**What needs to be done**
Repeat the data word for word and skip the pictures.
---------- Data extract ----------
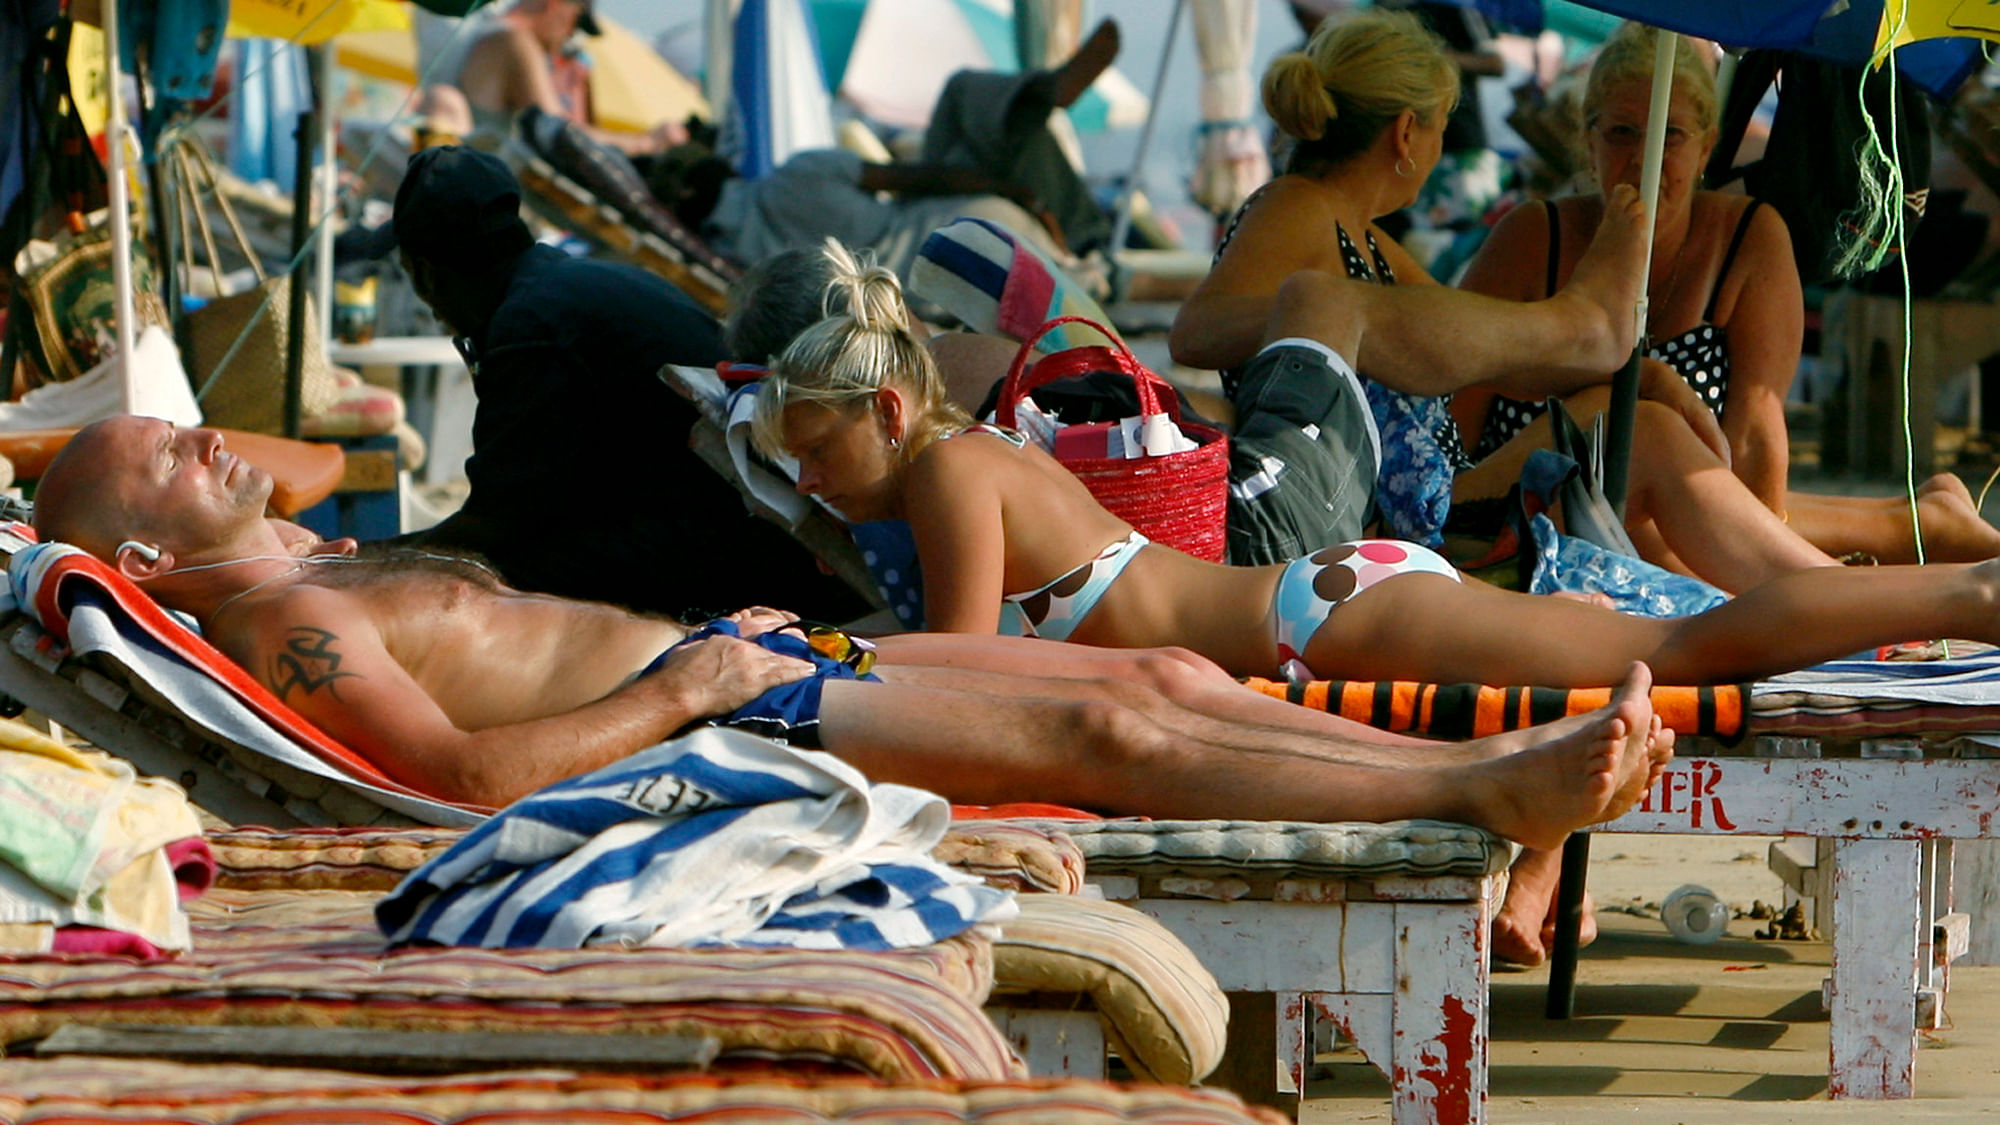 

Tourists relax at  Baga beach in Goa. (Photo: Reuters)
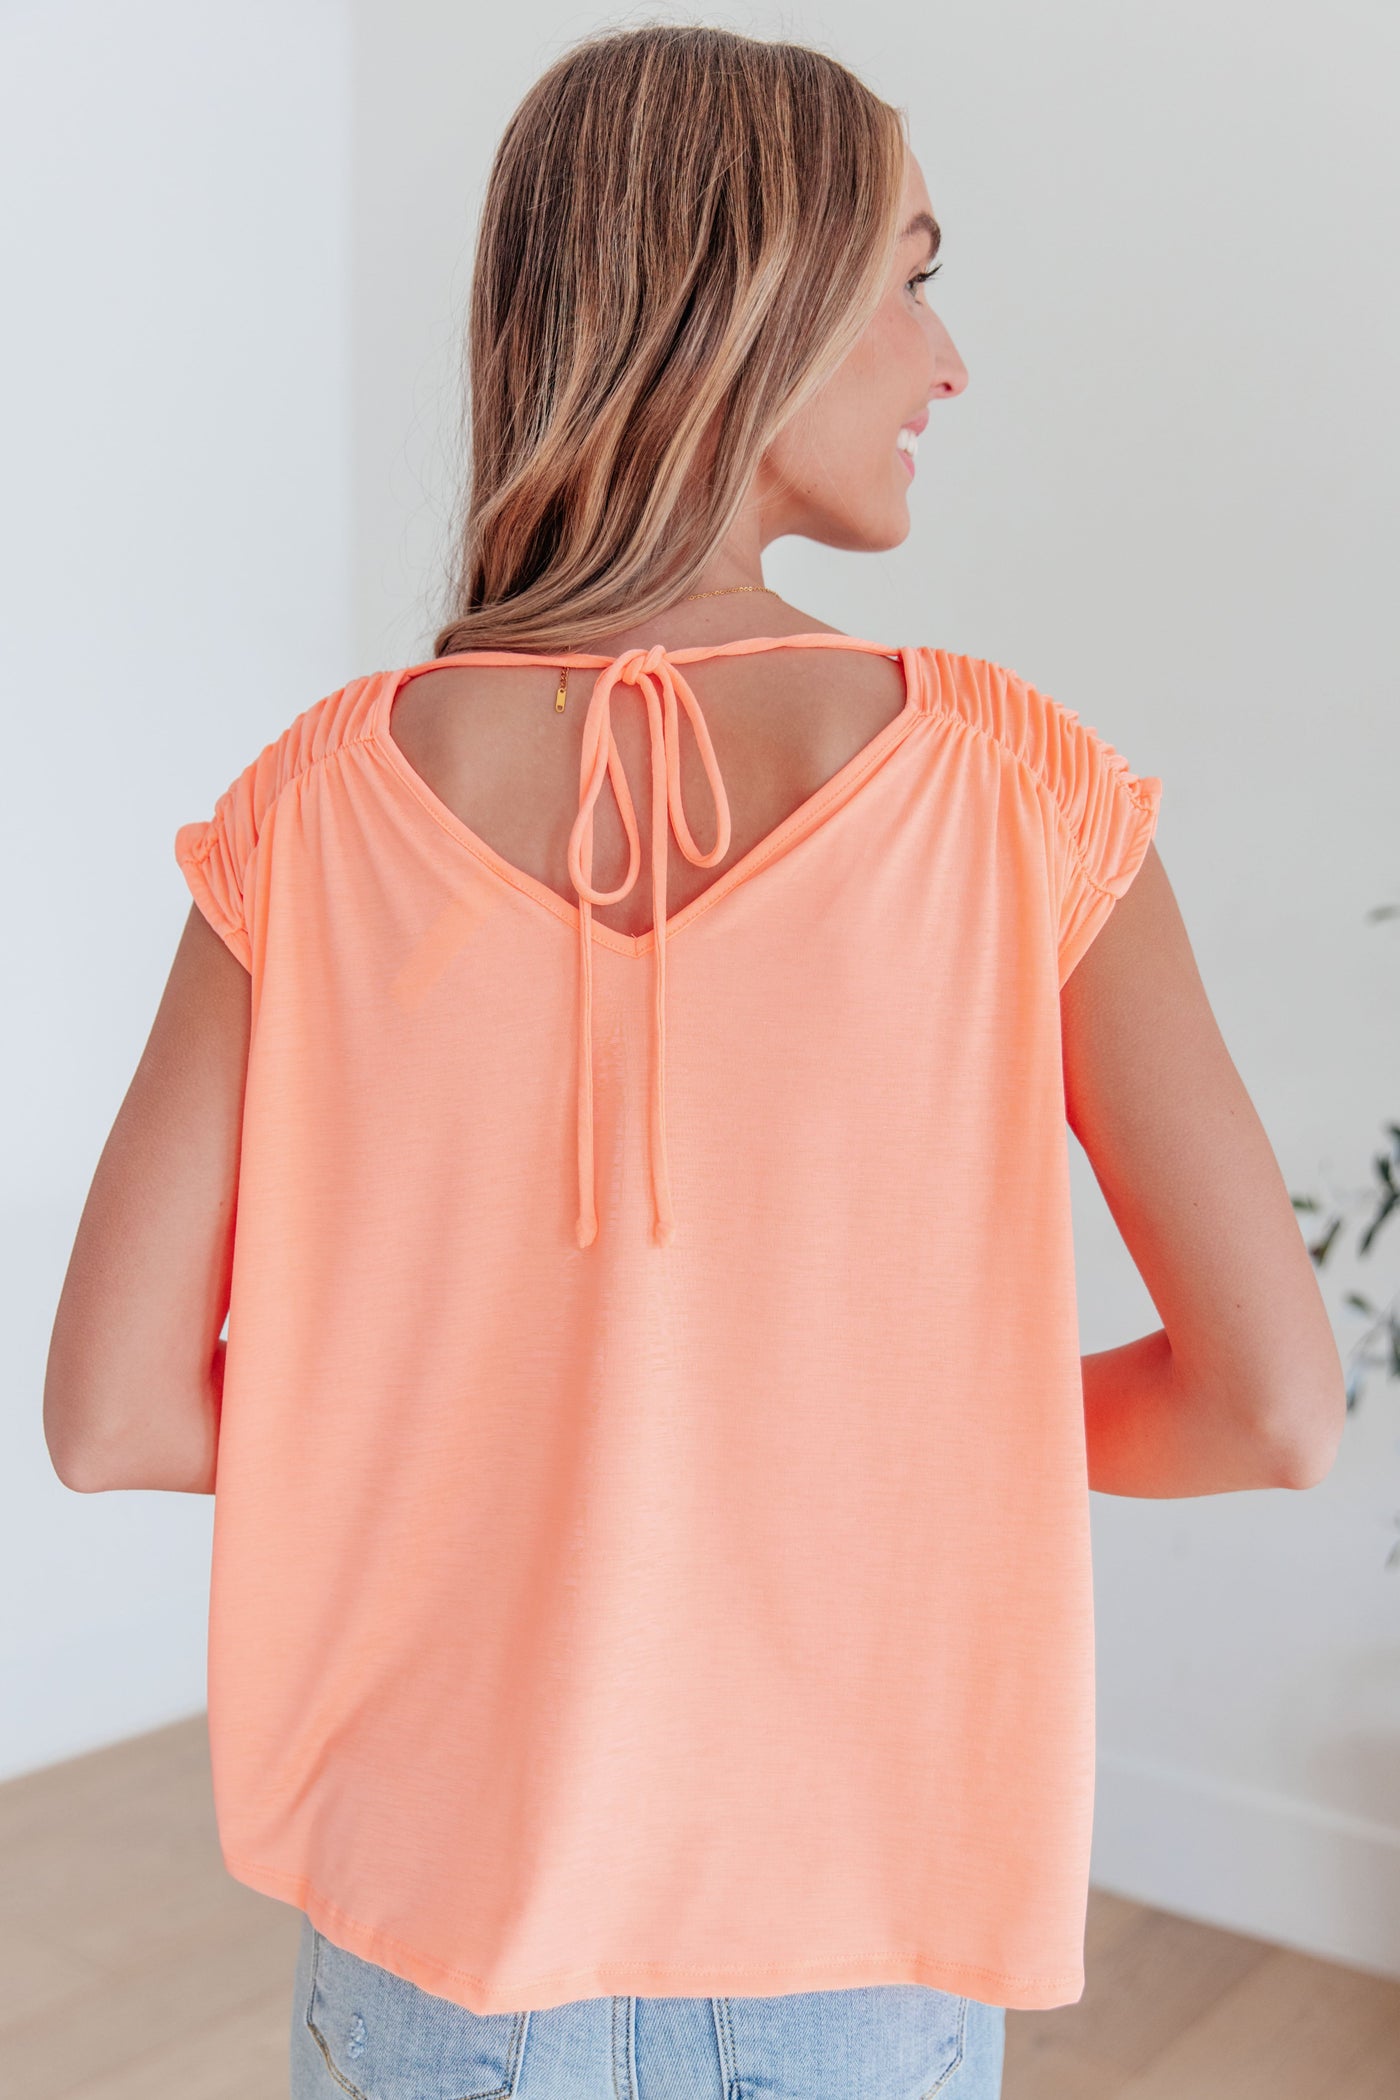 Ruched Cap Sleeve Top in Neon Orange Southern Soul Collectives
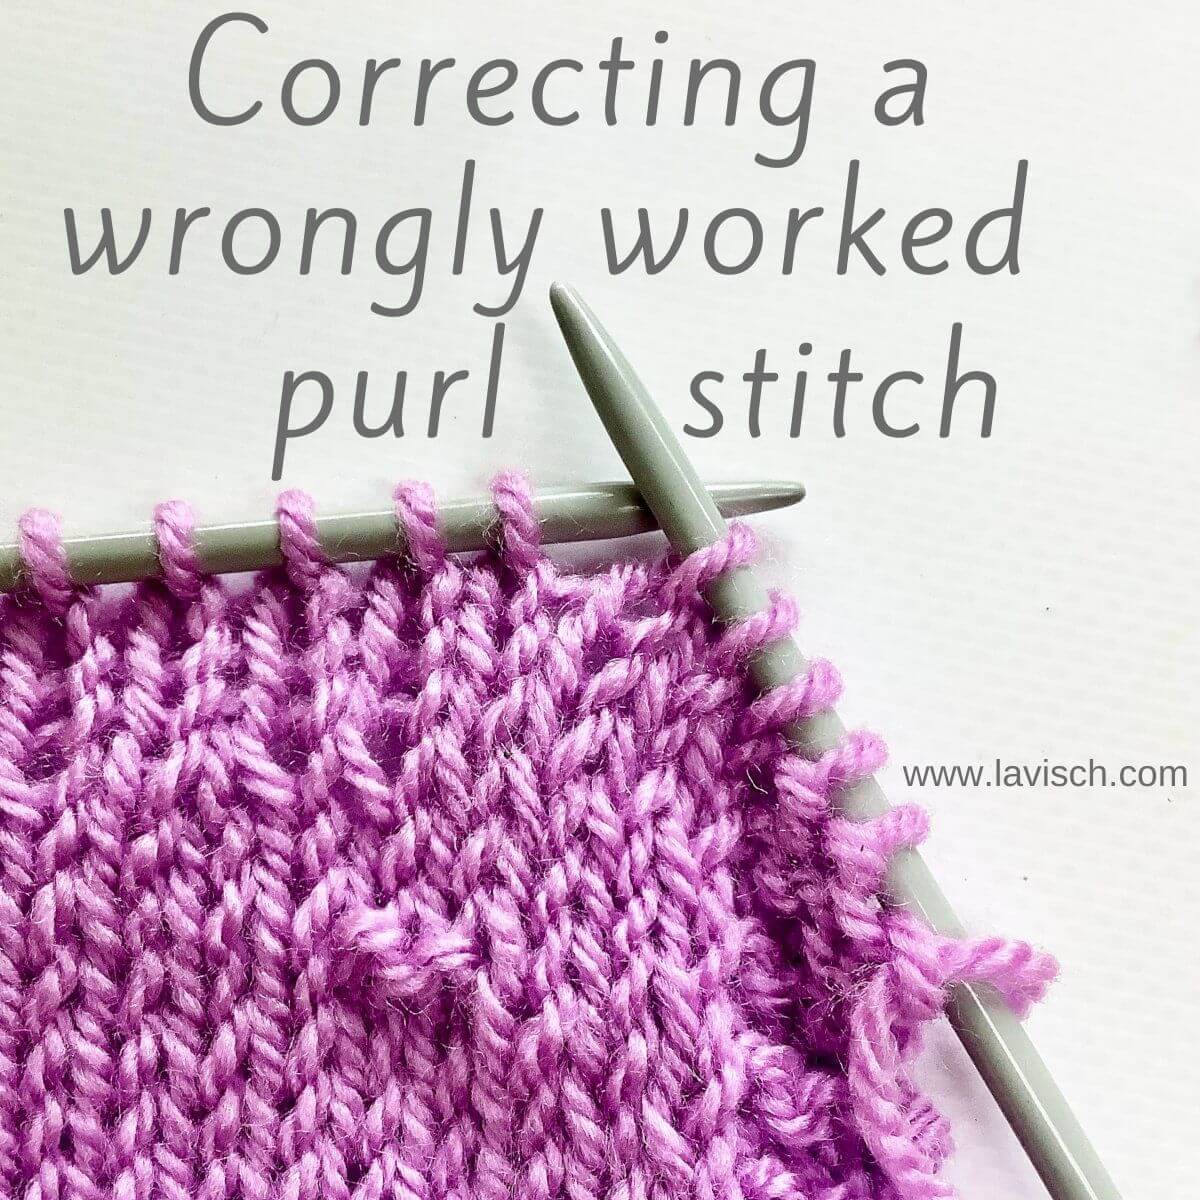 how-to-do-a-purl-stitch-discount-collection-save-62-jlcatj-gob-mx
----------
**Output for this exercise**
Tourists relax at  Baga beach in Goa. (Photo: Reuters)
 Ruched Cap Sleeve Top in Neon Orange Southern Soul Collectives
 how-to-do-a-purl-stitch-discount-collection-save-62-jlcatj-gob-mx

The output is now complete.